Recycling Plastics from City Waste

Recycling Plastics from City Waste

Table of Contents

Nearly 4 billion pounds of plastics were consumed by the packaging industry in 1970, about one-fifth of the total plastics production. Urban refuse from the city of Madison, Wis., was found to contain 2.9 weight-percent plastic before drying and 3.3 weight-percent after drying. Plastic waste is a worldwide problem: urban waste contains about 2 percent plastic in the developed countries, generally, and in Japan the amount exceeded 6 percent in 1968. The amount of polyvinyl chloride (PVC) in municipal waste has been estimated at 0.20 to 0.25 percent in the United States, 0.1 to 0.5 percent in Europe, and 2 to 3 percent in Japan. The percentage of plastic waste in urban refuse is predicted to nearly double or triple by 1980. The Bureau of Mines, and others, are developing waste processes that may concentrate the plastic waste into a separate fraction suitable for processing.

Industrial plastics are of two major types, those that are thermoplastic and can be heat-softened and reformed repeatedly, and the thermosetting varieties that cannot be reshaped after they have been formed.
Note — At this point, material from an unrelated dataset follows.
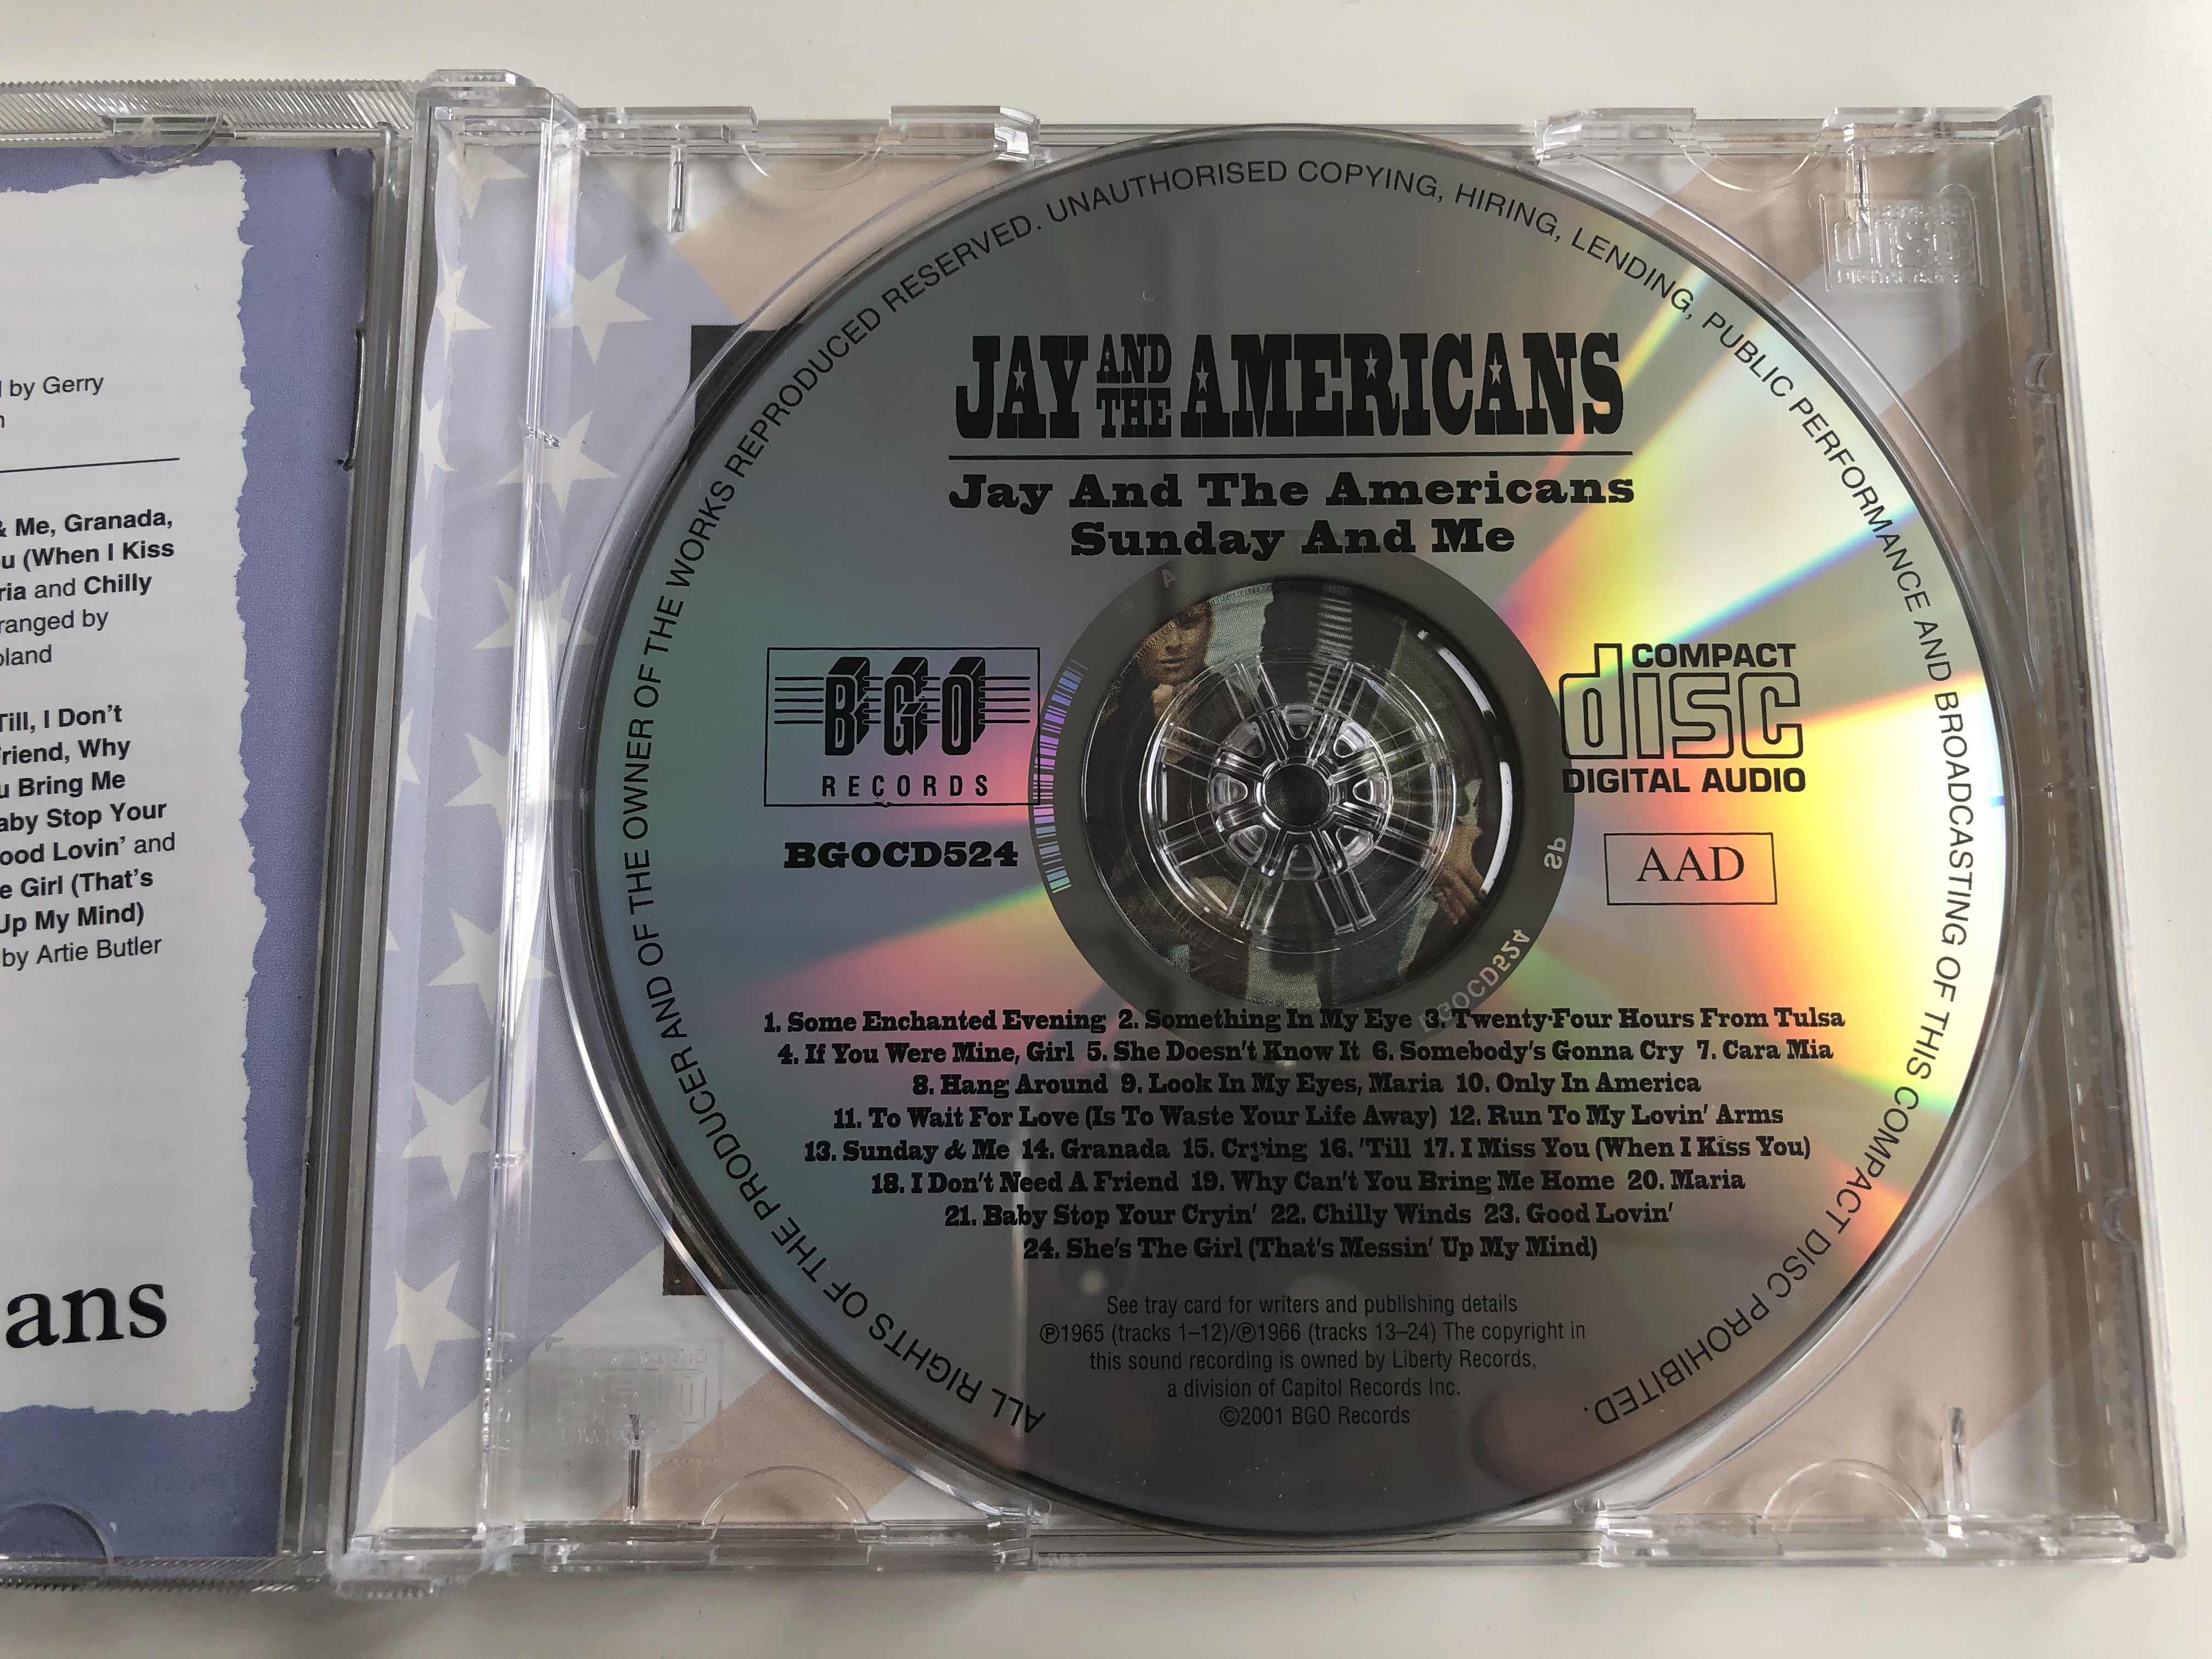 jay-and-the-americans-jay-the-americans-sunday-and-me-bgo-records-audio-cd-2001-bgocd524-6-.jpg

Most of the plastic polymers used in packaging are in the thermoplastic category, of which four major types account for over 70 percent of the plastics production in the United States. They are polyethylene (PE), polypropylene (PP), polystyrene (PS), and PVC. Total plastics production and amounts used in packaging in 1970 are shown in tables 1 and 2. Considering the general physical and chemical characteristics of plastics, their amenability to conventional methods of disposal is assessed as follows.
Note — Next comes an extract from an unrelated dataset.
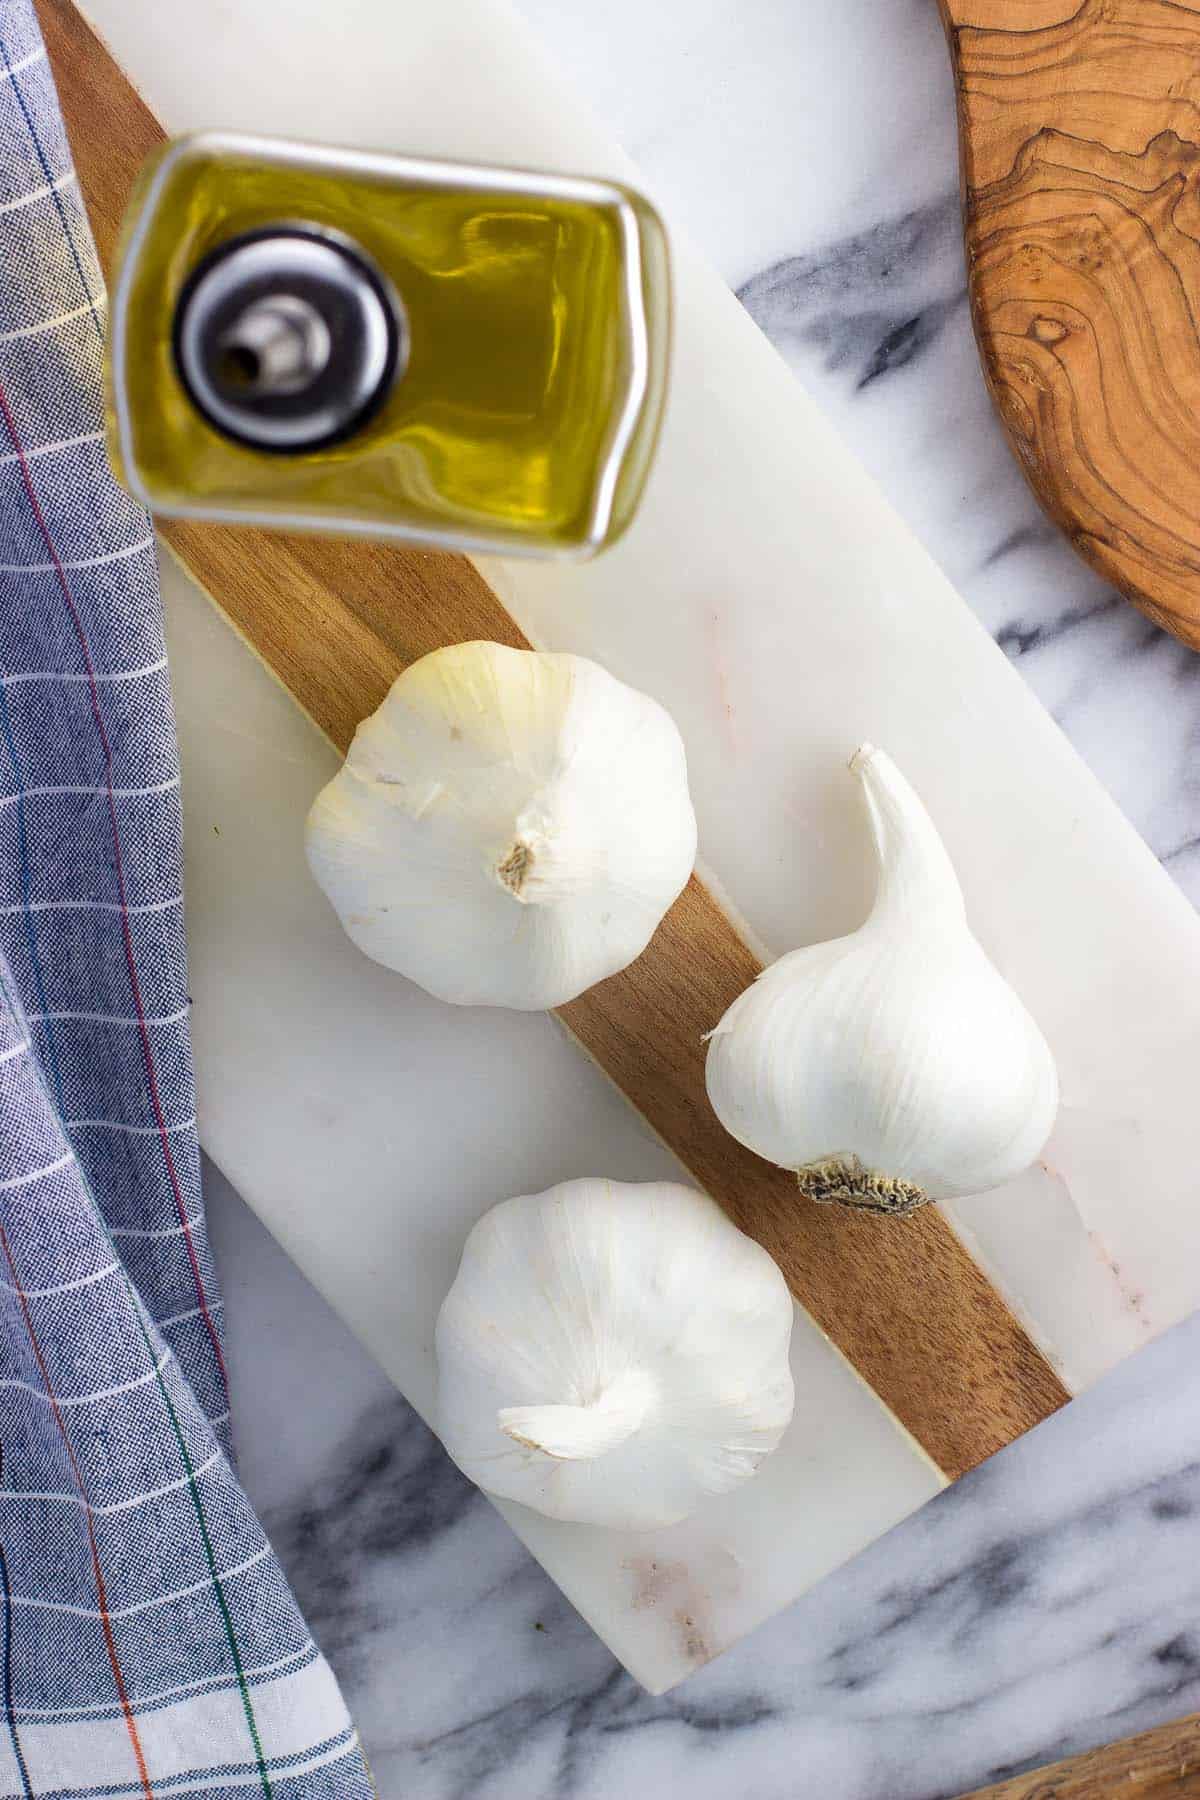 Three heads of garlic and an olive oil dispenser on a board.

Although some plastics do not burn readily, all can be incinerated and have high heat content. In fact, the addition of plastics to refuse increases its heating value. Modern incinerators encounter little difficulty with the 2 to 4 percent plastics in municipal waste. However, there is evidence that halides liberated by plastics such as PVC can cause corrosion and pollution problems that must be reckoned with, especially in incinerators that are poorly designed and operated.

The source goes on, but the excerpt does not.